Before diving into the pipeline implementation, we will create an example synthetic dataset below.


In [None]:
import numpy as np
import sys
sys.path.append('src/PGAM/')
from GAM_library import *
import gam_data_handlers as gdh
import matplotlib.pylab as plt
import pandas as pd
from post_processing import postprocess_results
import scipy.stats as sts


# flag if you want to save the in-silico data
save_output = True

## inputs parameters
num_events = 50
time_points = int(0.5 * 10 ** 4)  # 30 sec at 0.006 second resolution
rate = 150. * 0.006  # Hz rate of the final kernel
variance = 5.  # variance of input (modeled to be Gaussian)
int_knots_num = 20  # num of internal knots for the spline basis
order = 4  # spline order

## trial_ids: numpy.array of dim T, trial ids associated to each time point, assume 200 trials
trial_ids = np.repeat(np.arange(2), time_points // 2)
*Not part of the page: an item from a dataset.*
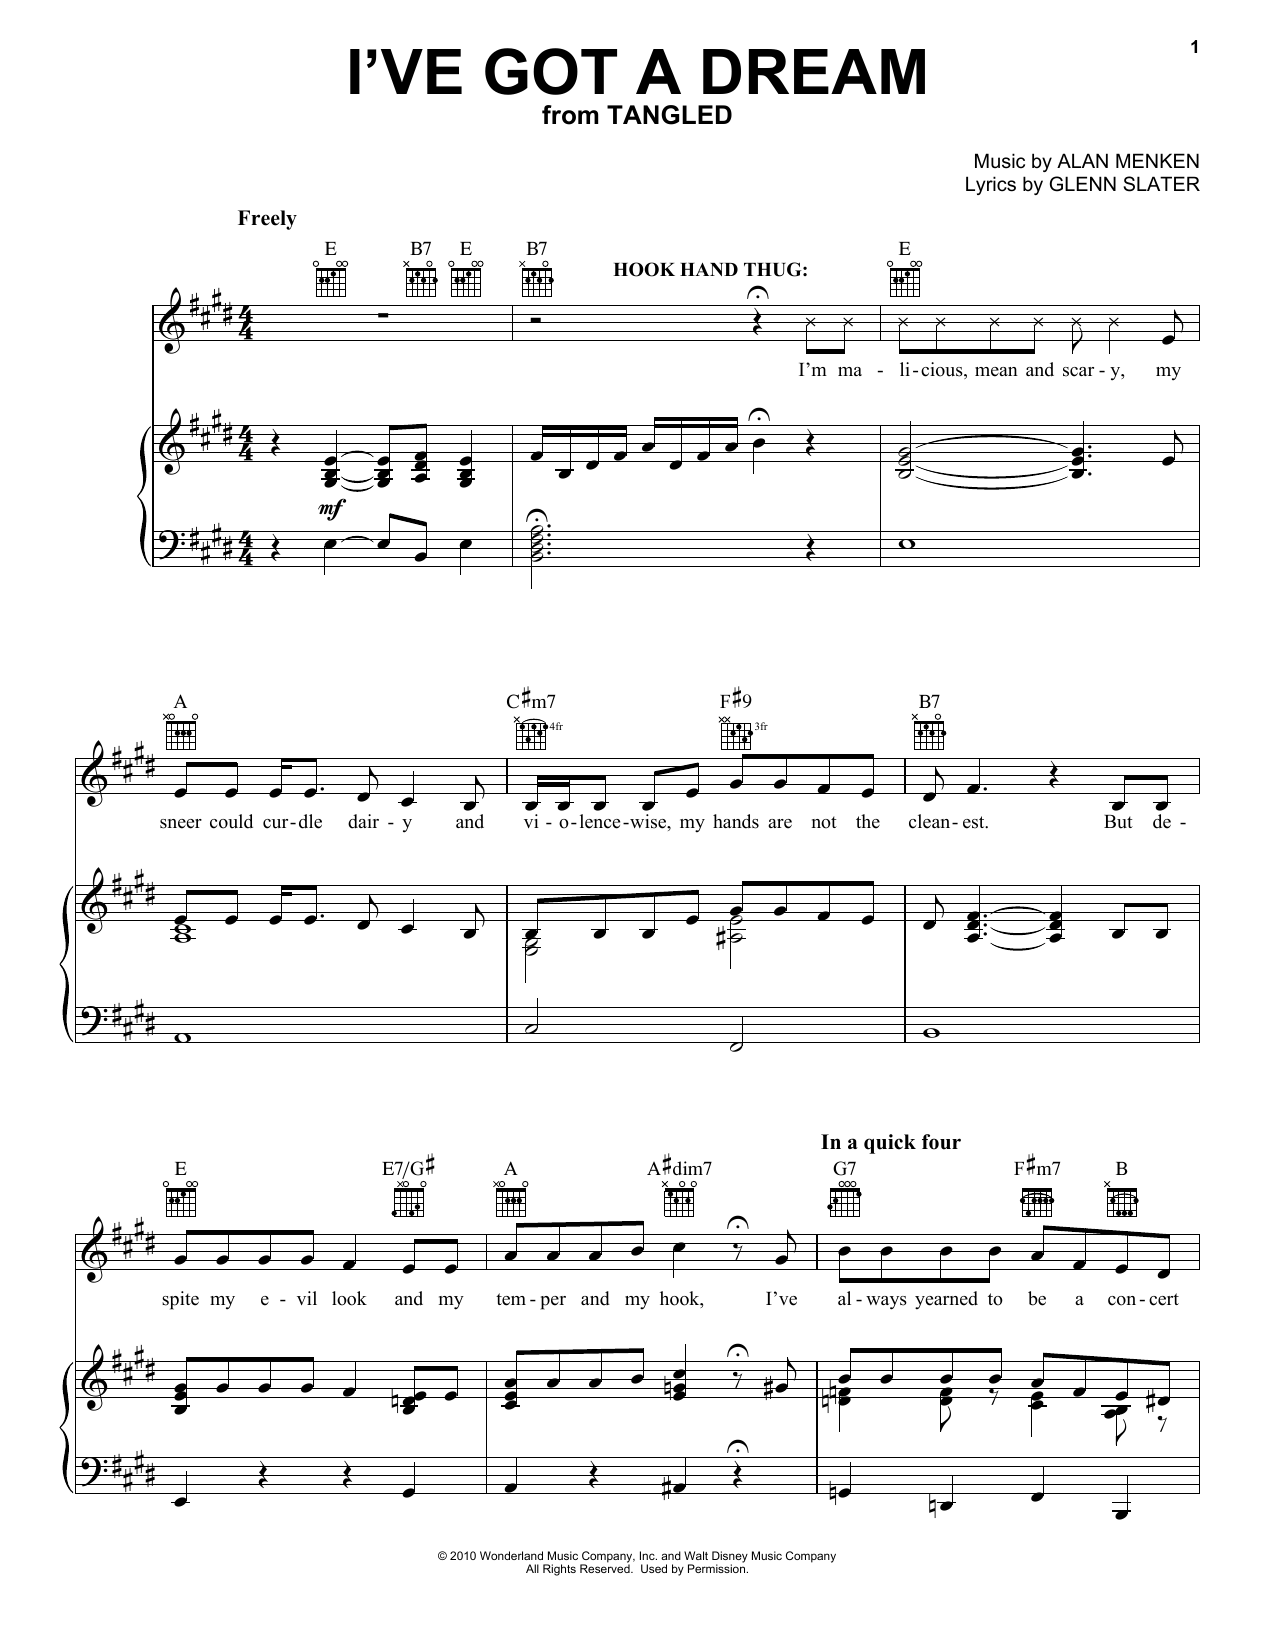 Alan Menken I've Got A Dream (from Disney's Tangled) sheet music notes and chords. Download Printable PDF.

## create event (temporal) input
idx = np.random.choice(np.arange(time_points), num_events, replace=False)
events = np.zeros(time_points)
events[idx] = 1

## create continous (spatial) variables (spatial_var will drive the neuron, nuisance_var will not drive the neuron)
cov = np.array([[1, 0.], [0., 1]])
rv = sts.multivariate_normal(mean=[0, 0], cov=variance * cov)
samp = rv.rvs(time_points)
spatial_var_x = samp[:, 0]
spatial_var_y = np.sqrt(5)*np.random.normal(size=time_points)
nuisance_var = samp[:, 1]

# truncate inputs to avoid jumps in the resp function
sele_idx = (np.abs(spatial_var_x) < 5) & (np.abs(spatial_var_y) < 5)
spatial_var_x = spatial_var_x[sele_idx]
spatial_var_y = spatial_var_y[sele_idx]

nuisance_var = nuisance_var[sele_idx]
while (spatial_var_x.shape[0] < time_points) or \
        (spatial_var_y.shape[0] < time_points):
    tmpX = rv.rvs(time_points)
    tmpY = np.random.normal(size=time_points)
    sele_idx = (np.abs(tmpX[:, 0]) < 5) & (np.abs(tmpY) < 5)
    tmpX = tmpX[sele_idx, :]
    tmpY = tmpY[sele_idx]
    spatial_var_x = np.hstack((spatial_var_x, tmpX[:, 0]))
    nuisance_var = np.hstack((nuisance_var, tmpX[:, 1]))
    spatial_var_y = np.hstack((spatial_var_y, tmpY))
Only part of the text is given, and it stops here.